11Use cases & scenarios#
Use case A — Onboarding a new supplier#
A vendor manager adds a new charter company: legal and trading names, type Yacht, coverage Italy, France, Monaco, payment terms Net-30, and uploads insurance certificates. KYC starts at pending; once documents are verified it becomes verified and the vendor is set active.
Use case B — Finding the right vendor fast#
A handler needs a Michelin-level private chef covering the French Riviera. They filter the directory by type, coverage country, and tier elite, sort by rating, and pick the top performer — confident the rating reflects recent, real work.
Use case C — Sourcing competitively#
For a villa request with no vendor yet, the team opens the Shortlist, selects four villa agents, writes one rich-text brief, and sends it to all four at once. Replies come back against the originating request.
Use case D — Performance that's earned#
After a flawless event, staff log a performance score (quality 5, reliability 5). The vendor's headline rating ticks up automatically; a later incident report pulls it back down. The number always tells the truth.
Use case E — Staying compliant#
A vendor appears on a sanctions list.
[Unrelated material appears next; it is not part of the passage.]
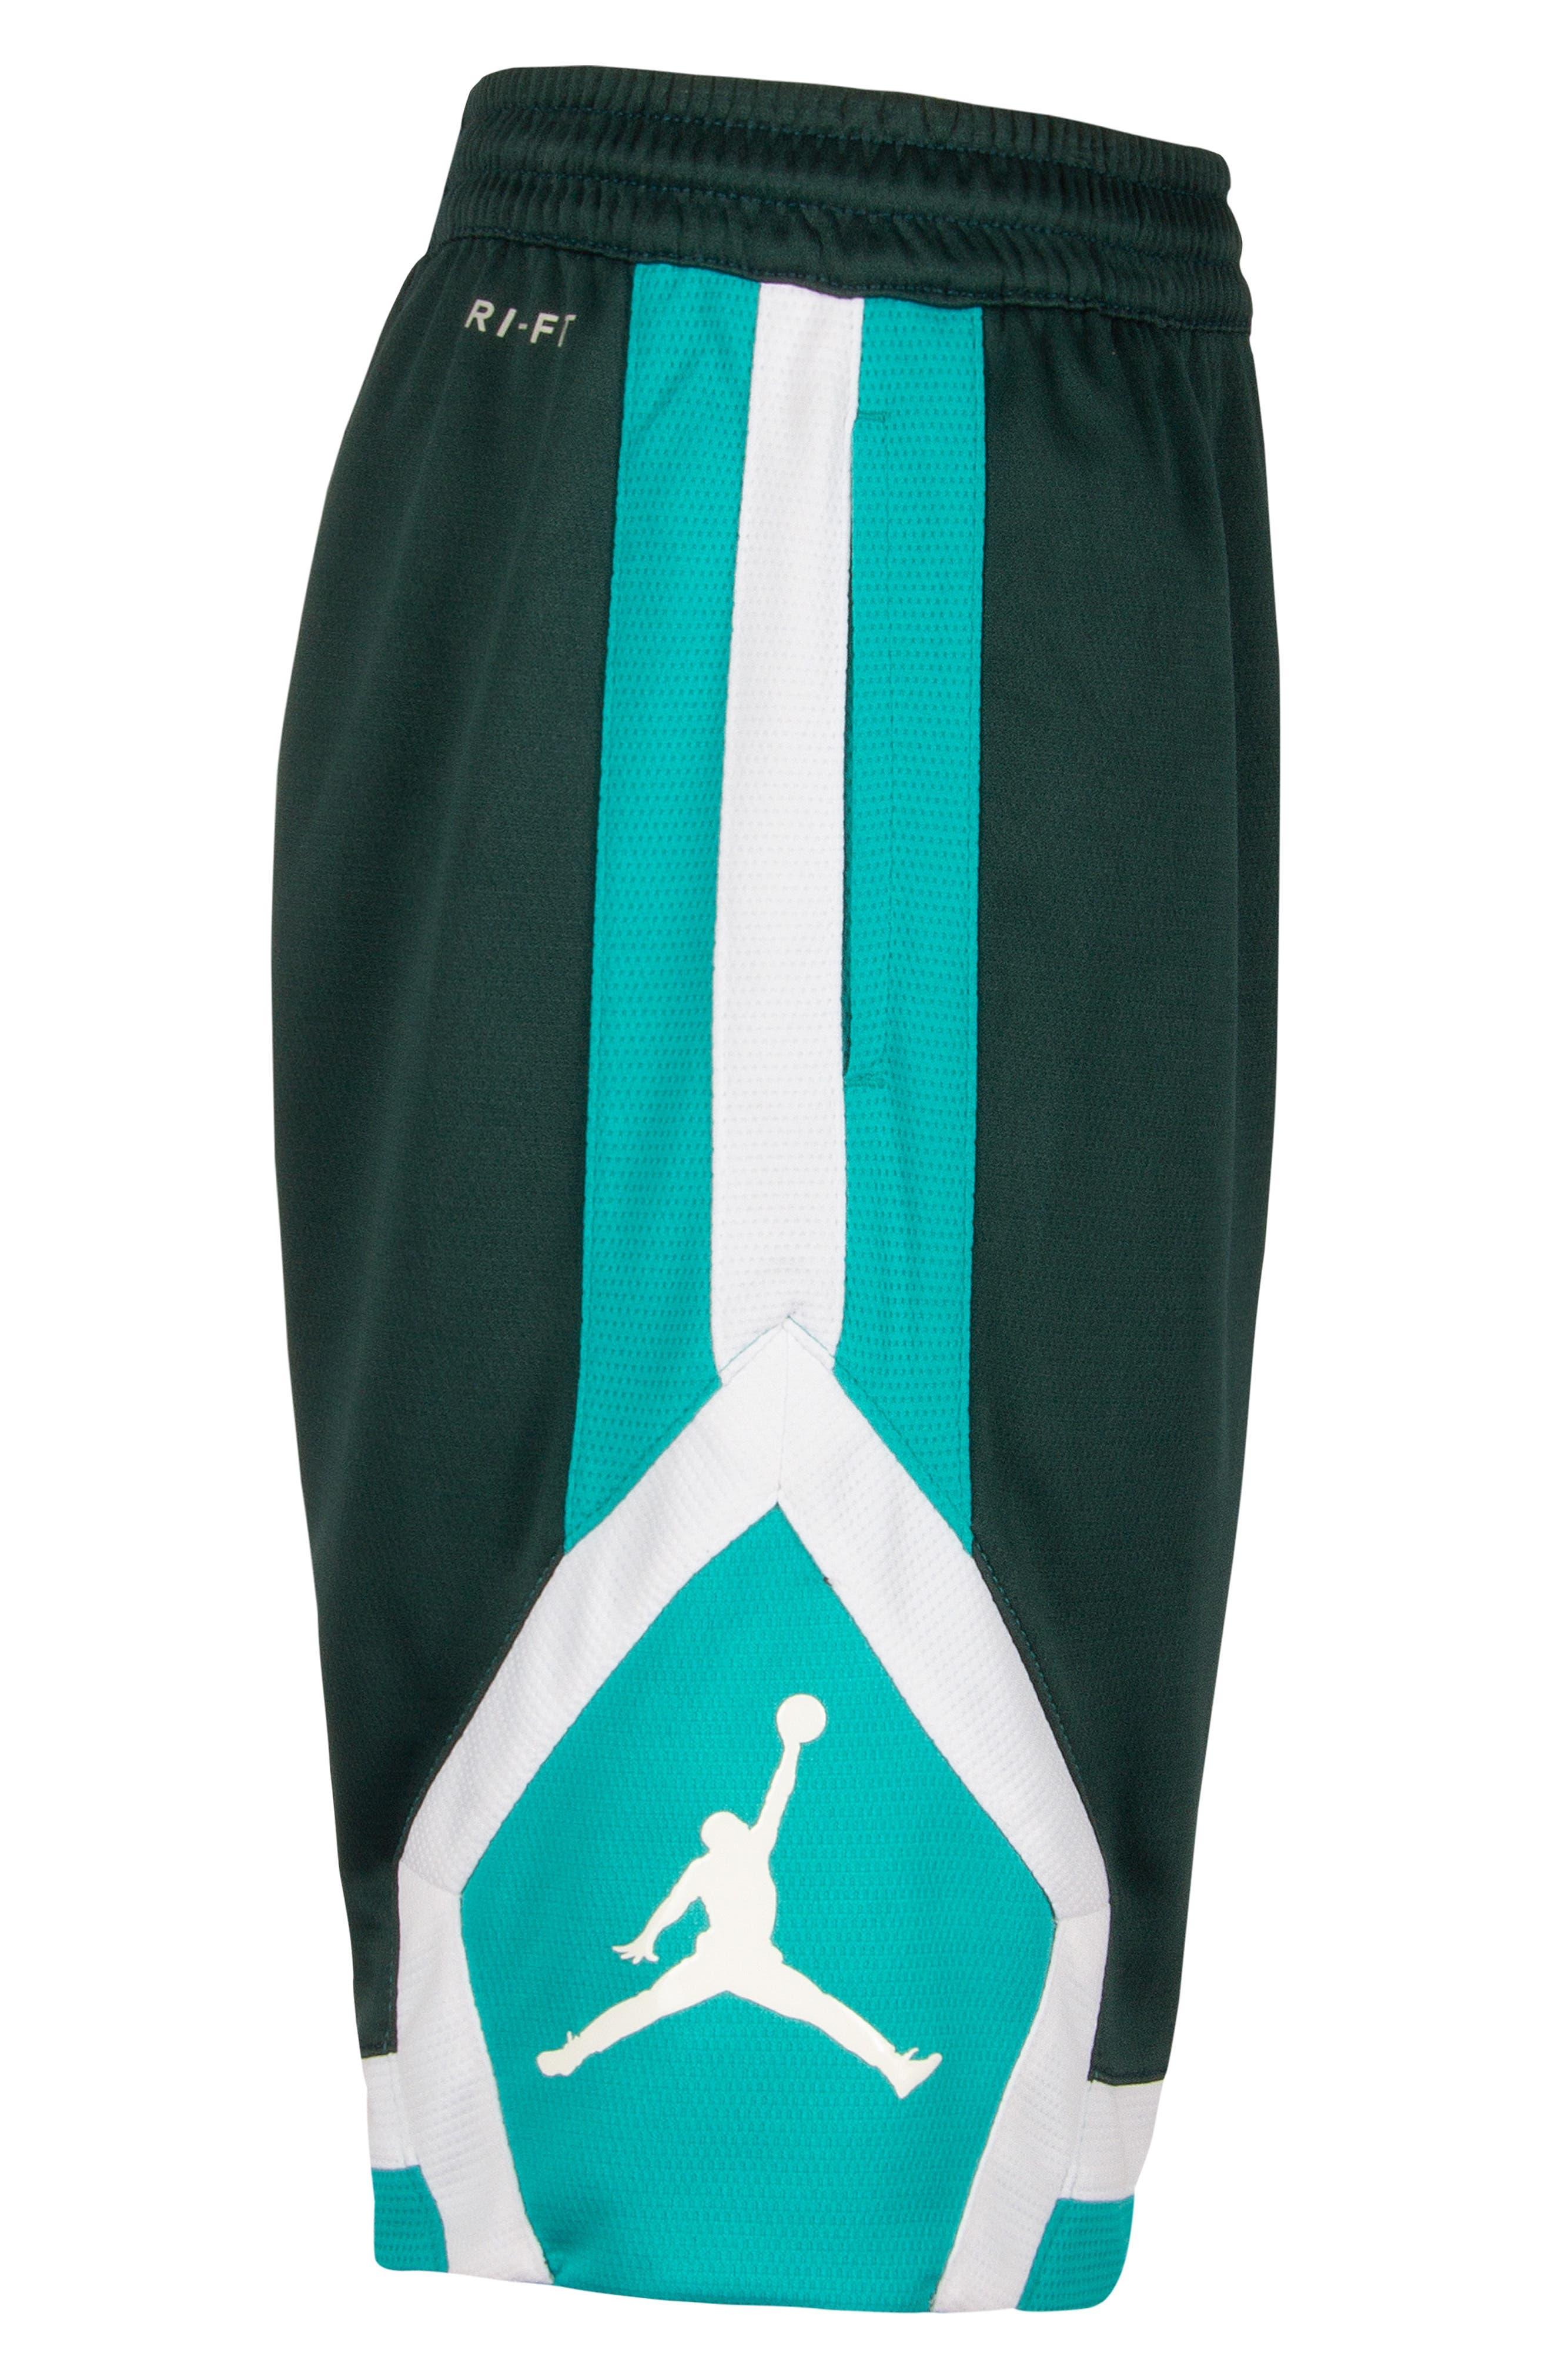 Jordan Rise Athletic Shorts,                             Alternate thumbnail 4, color,                             MIDNIGHT SPRUCE

A compliance officer flips the sanctioned flag; the system immediately moves the vendor to suspended, and it drops out of the "eligible" pool used for new engagements.
12Permissions reference (simplified)#
| Area | View | Create | Update | Delete |
|---|---|---|---|---|
| Vendor record | vendors.record.view | vendors.record.create | vendors.record.update | vendors.record.delete |
| Contacts | (record view) | vendors.contacts.create | vendors.contacts.update | vendors.contacts.delete |
| Services / offerings | (record view) | vendors.services.create | vendors.services.update | vendors.services.delete |
| Rate cards | (record view) | vendors.rate_cards.create | vendors.rate_cards.update | vendors.rate_cards.delete |
| Contracts | (record view) | vendors.contracts.create | vendors.contracts.update | vendors.contracts.delete |
| Certifications | (record view) | vendors.certifications.create | vendors.certifications.update | vendors.certifications.delete |
| Availability | (record view) | vendors.availability.create | vendors.availability.update | vendors.availability.delete |
| Documents / attachments | (record view) | vendors.attachments.create | vendors.attachments.update | vendors.attachments.delete |
| Affinities | (record view) | vendors.affinities.create | vendors.affinities.update (+ resolve) | (resolve, not delete) |
Performance scoring and KYC verification require vendors.record.update. The directory, shortlist, and send-brief require vendors.record.view. Roles are assembled from these in the RBAC module.
13Glossary#
| Term | Meaning |
|---|---|
| Vendor | A supplier or partner the agency engages (restaurant, hotel, charter, etc.). |
| Tier | The vendor's standing: standard, preferred, elite, exclusive. |
| Coverage countries | The regions a vendor serves — searchable. |
| Performance score | A multi-dimension rating logged after work; rolls up into the headline star rating. |
| Engagement | A request the vendor has been linked to; the count is derived automatically. |
| Shortlist / brief | Selecting several vendors for a request and emailing them one rich-text brief. |
| KYC / AML | Supplier due-diligence and anti-money-laundering checks. |
| Sanctioned | A flag that automatically suspends the vendor. |
| Self-scoping | The rule limiting a user to the vendors they account-manage. |
This document describes the Vendor module as currently built. Types, tiers, statuses, and payment terms are configurable option-sets in Settings. The derived rating and engagement count are read-only by design.